* **Requirement**
Everything in the listing below has to be repeated exactly, except the pictures.

Top of Given data

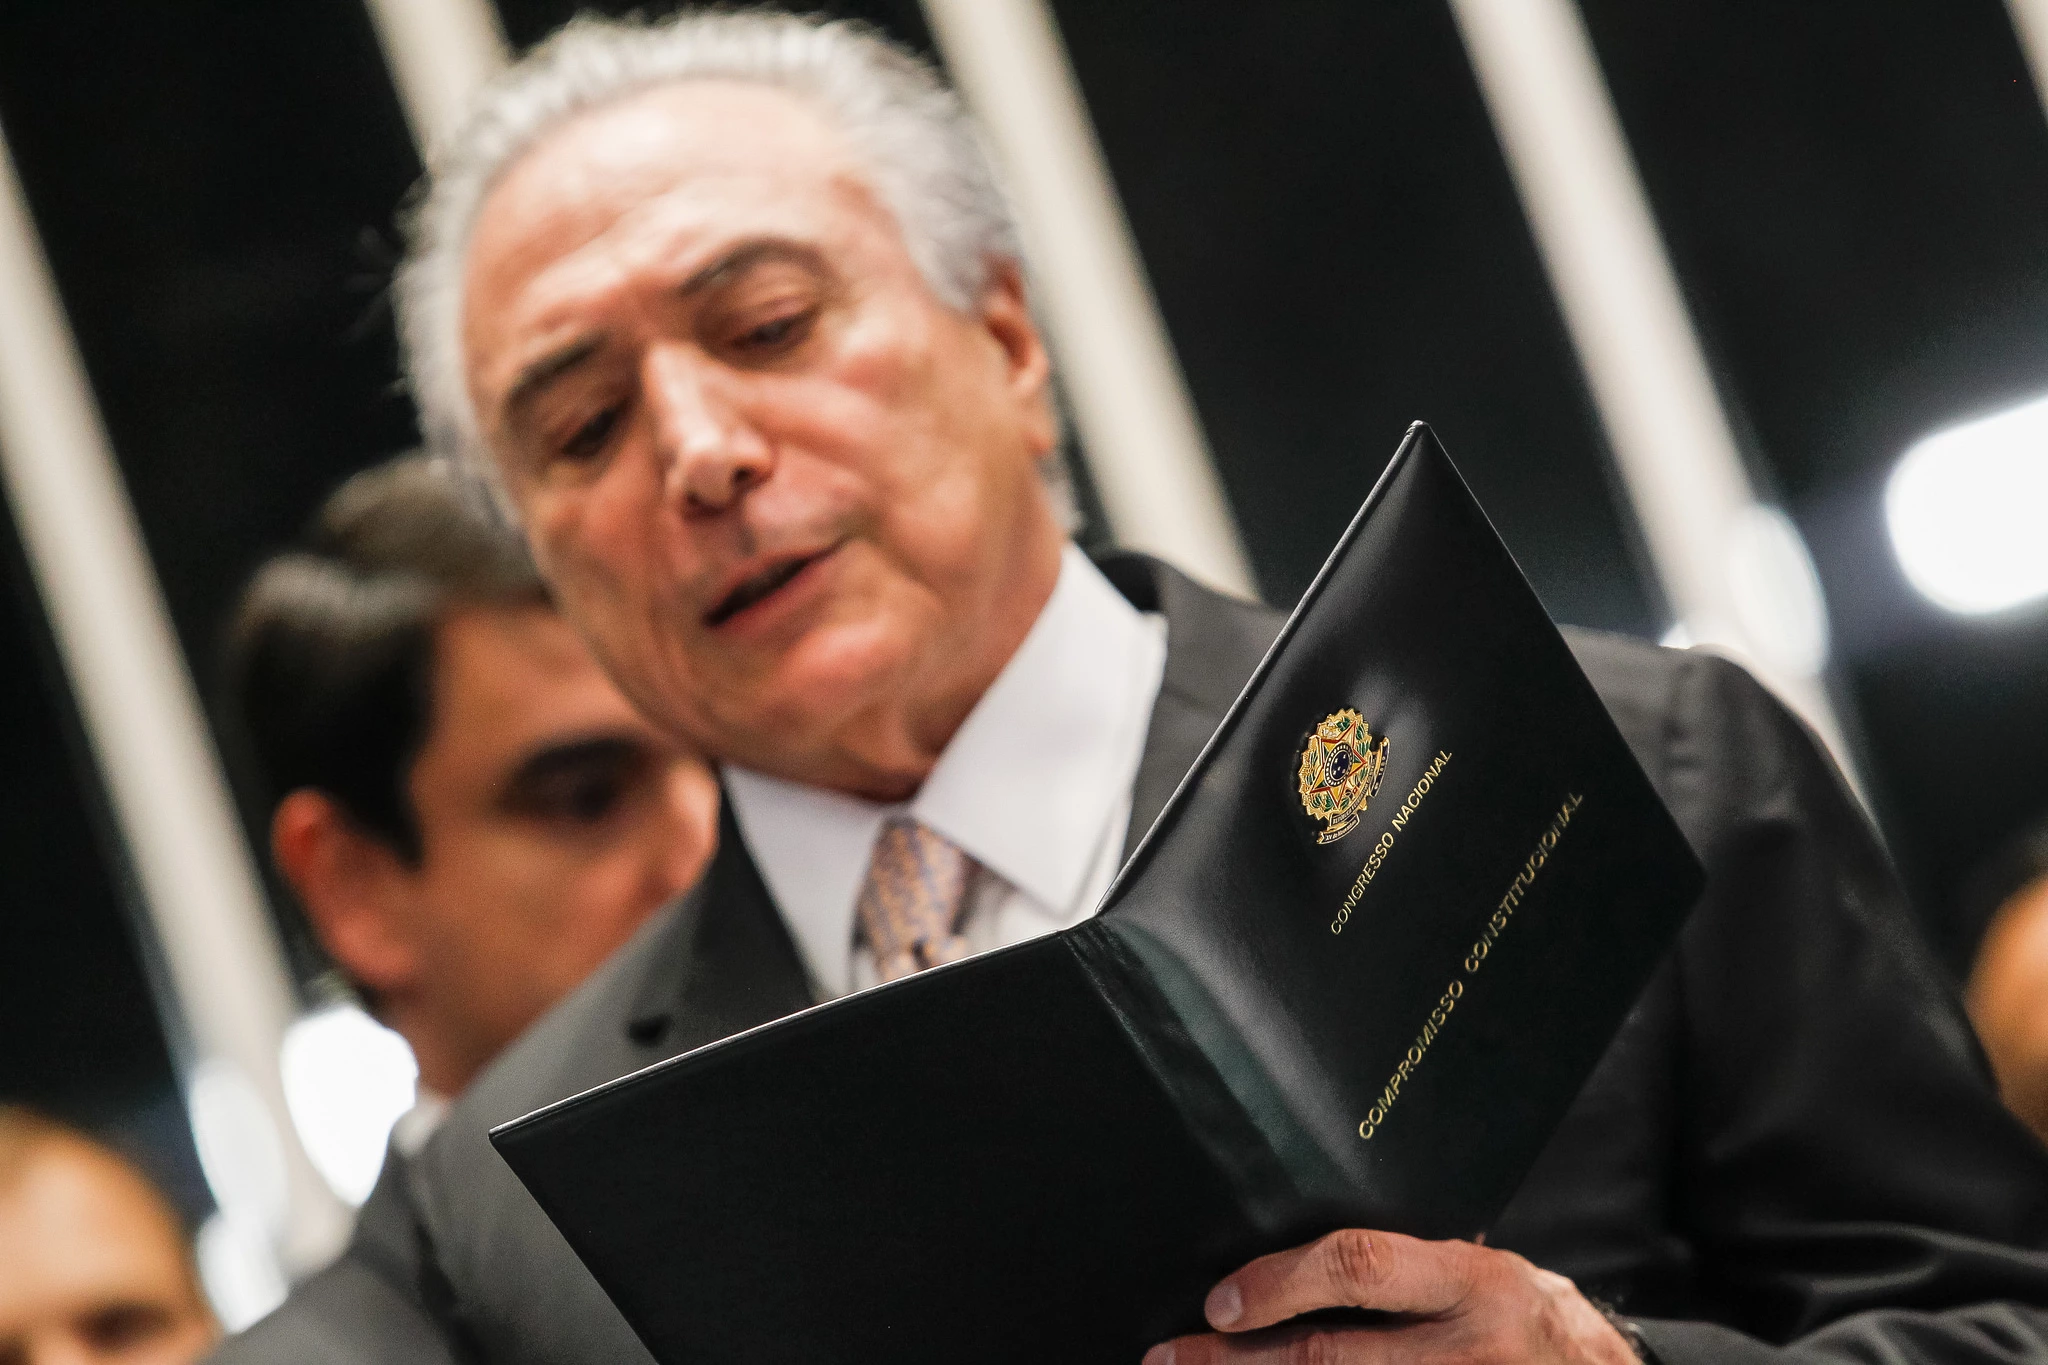 Presidente Michel Temer durante sua posse no Senado Federal.(Brasília - DF, 31/08/2016)Foto: Beto Barata/PR
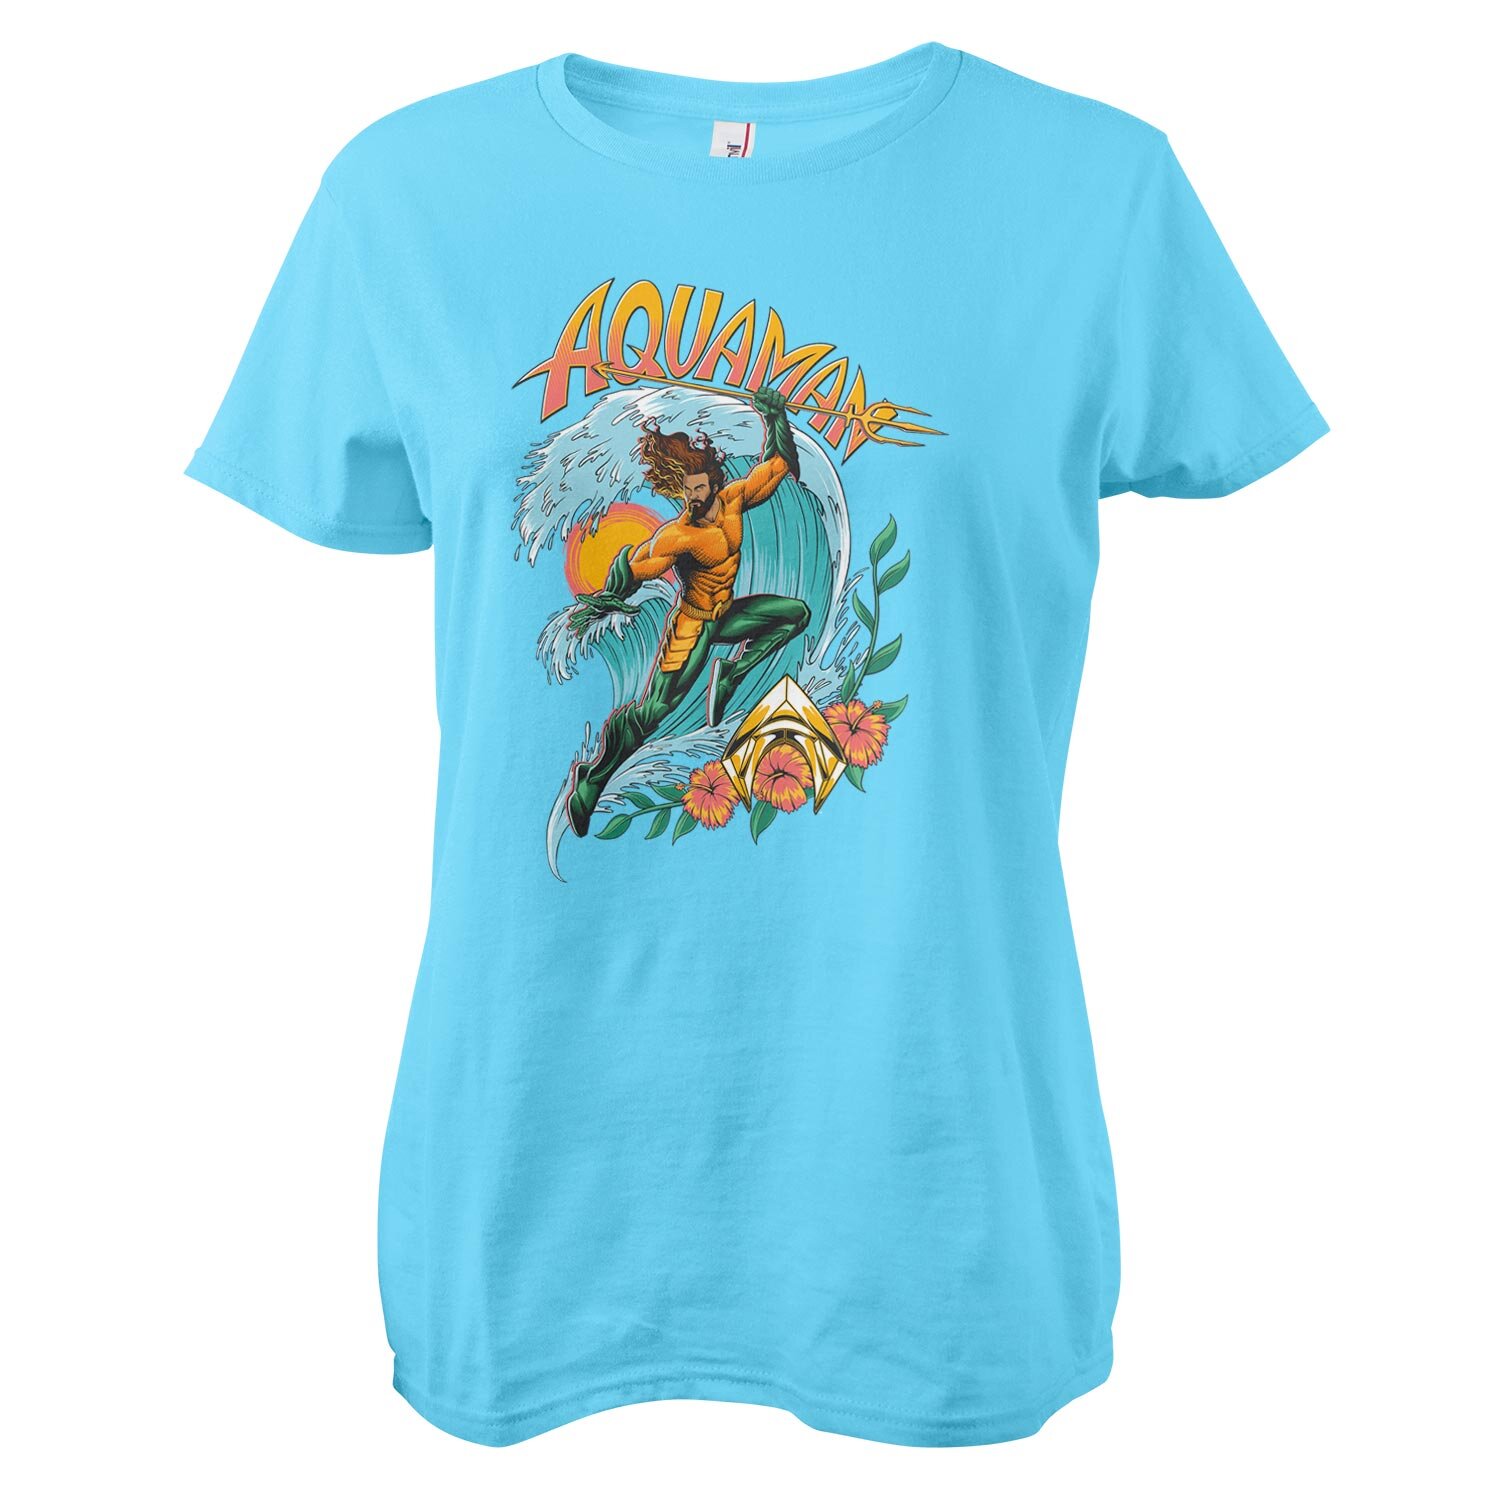 Aquaman Surf Style Girly Tee
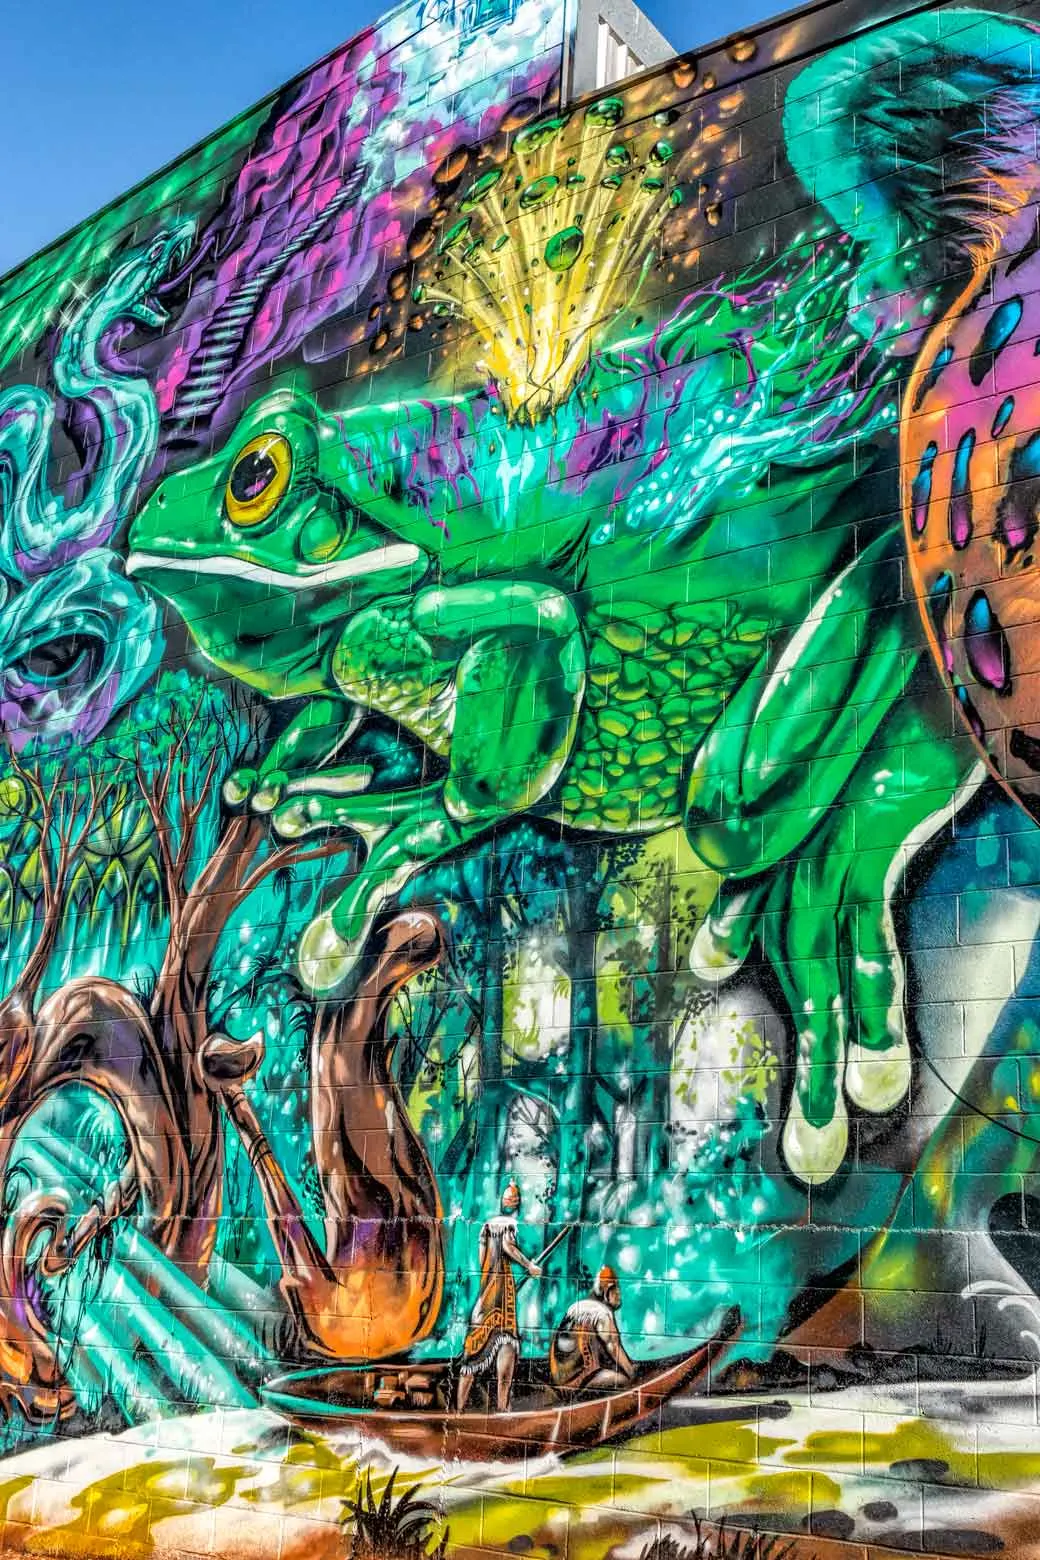 Street art of fantasy Amazon scene on brick building in Toowoomba

Bottom of Given data

* **Exercise response**
 Presidente Michel Temer durante sua posse no Senado Federal.(Brasília - DF, 31/08/2016)Foto: Beto Barata/PR
 Aquaman Surf Style Girly Tee
 Street art of fantasy Amazon scene on brick building in Toowoomba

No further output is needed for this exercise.